March 15, 2013 - Wedding Cake Topper #3
If I were a better businessman, I imagine I could run a little business going making these. Then again, I wouldn't want to soullessly churn these out on a regular basis and only do them for money. I want each one to be special, something that people might even keep for their whole lives, maybe. I was commissioned to make another wedding cake topper and got permission to share it. I'm very pleased to do so:
March 13, 2013 - Let's Do Some Thinking
I sometimes wonder if my posting these types of videos or discussions is a little too "spicy" for some. Discussing or sharing one's beliefs and convictions in America is often met with hostility these days. I suspect I've even lost some friendships or serious career opportunities because I try to be open about it. It's possible I've lost readers (or have failed to gain new ones) because of it, too. I don't have proof of any of it; it's just a hunch.
If I've said this before, forgive me if I'm being redundant - but I believe in being as absolutely sincere and open here as I am anywhere else. The George who posts his art and writes on this website should match who he is when he's alone, around his friends, or in any setting. I don't want to "do" fakeness. If I'm in a good mood, or pensive, or crabby, or whatever, I want to be open about it and don't want to ever be "phony". Call it integrity, character, whatever you like - that's what I value. I won't be attempting to trick anybody by masking who I really am - for the sake of, what? Money? Popularity? Career opportunities? No. If I did that, I wouldn't be me anymore. I'd become one of those faceless, anonymous nobodies who are so adaptable they have no personalities at all. I'd only tell people what they want to hear and share "safe" opinions. By extension I'd only be able to create worthless, generic "art" for mass consumption.

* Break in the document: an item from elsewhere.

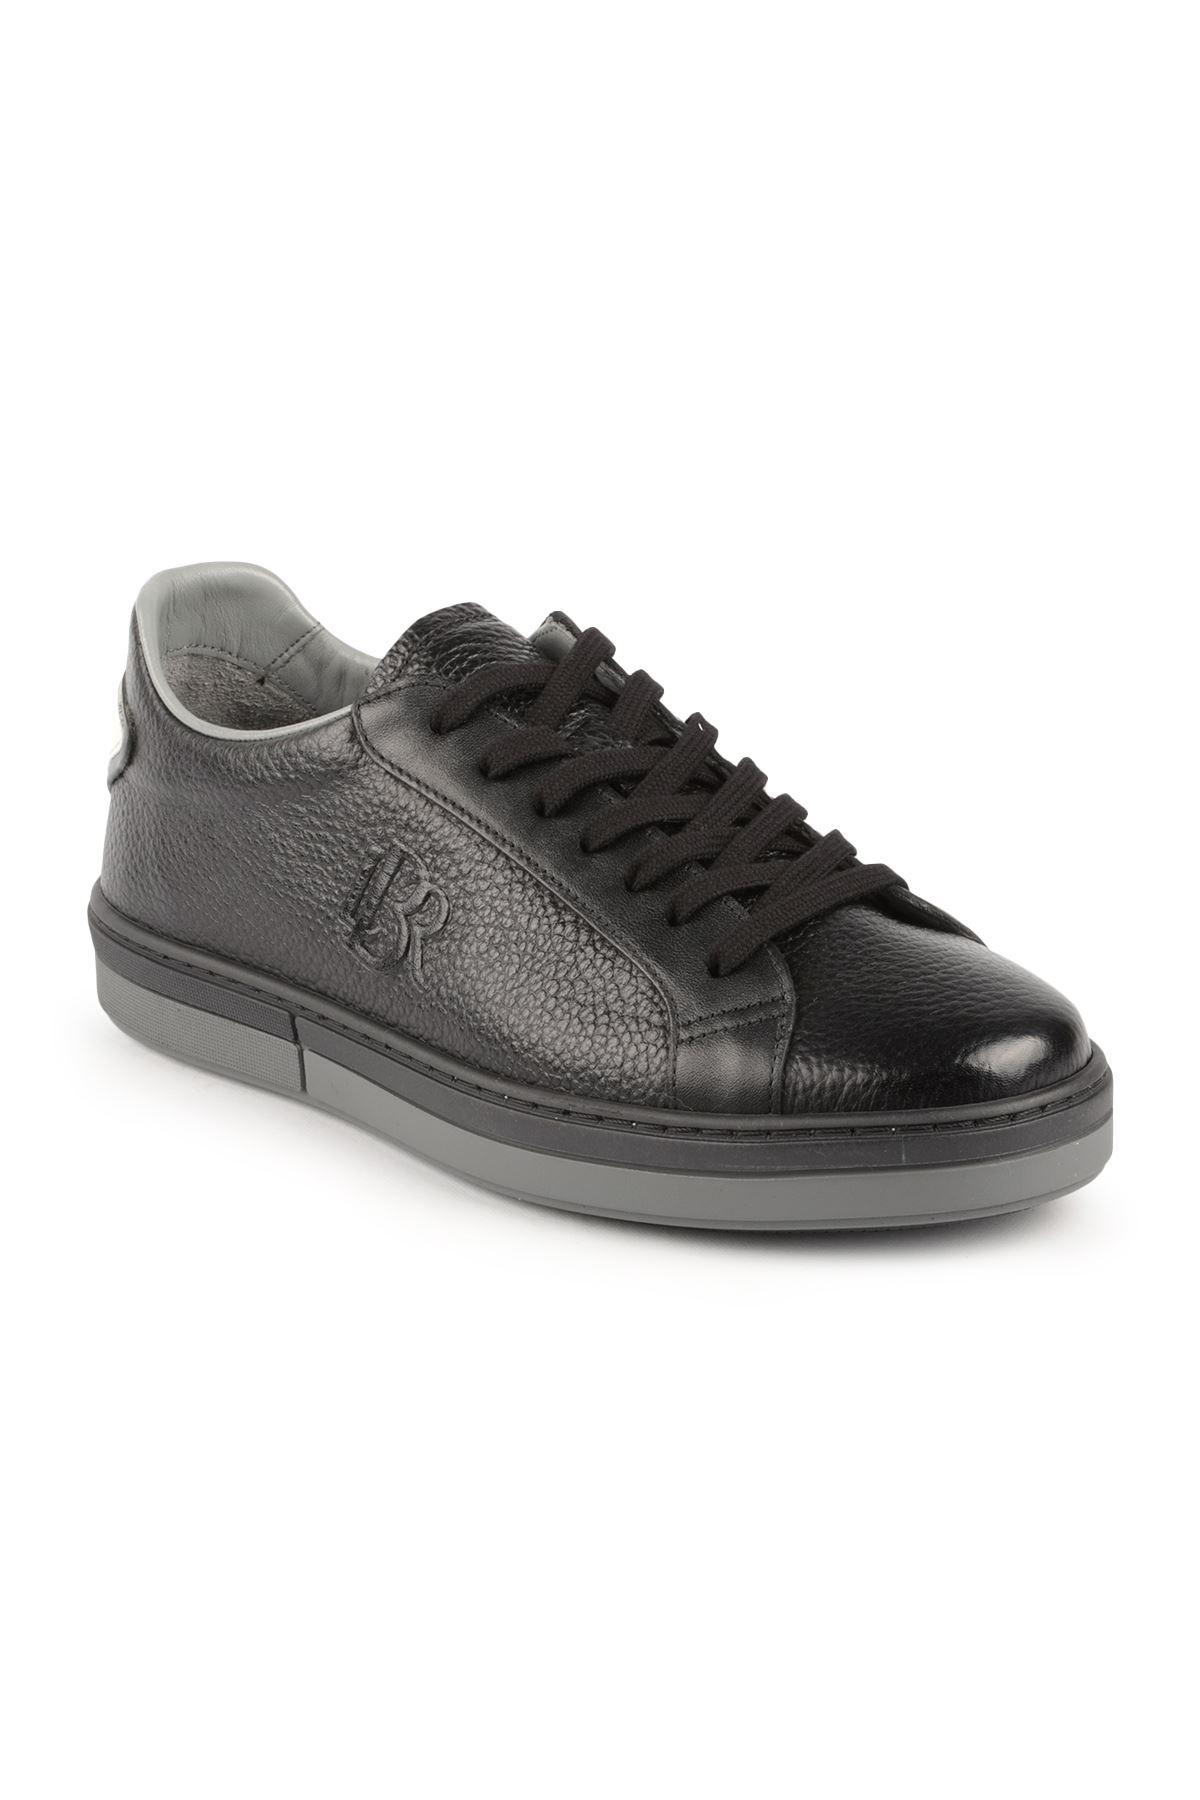 Libero L3355 Siyah Deri Spor Ayakkabı

Art that might fill the stomach, but provide no nutrition. My relationships would be the same. That's no life I'd want to live.
My point is, I sincerely hope nobody gets frustrated with me for sharing stuff like the video below. I was listening to it as I was inking the latest Bite-Size strip and I was shaking my head constantly at how deeply and profoundly relevant the message is. The thought which kept occurring to me was, "I wish I could share this with everyone I know." It would be in my character, so that's what I'm doing. Please give it a try - you'll know within minutes if it's worth your time. The speaker, Ravi Zacharias, is my favorite for a reason. I've listened to hundreds of hours of him, and I never get tired of it.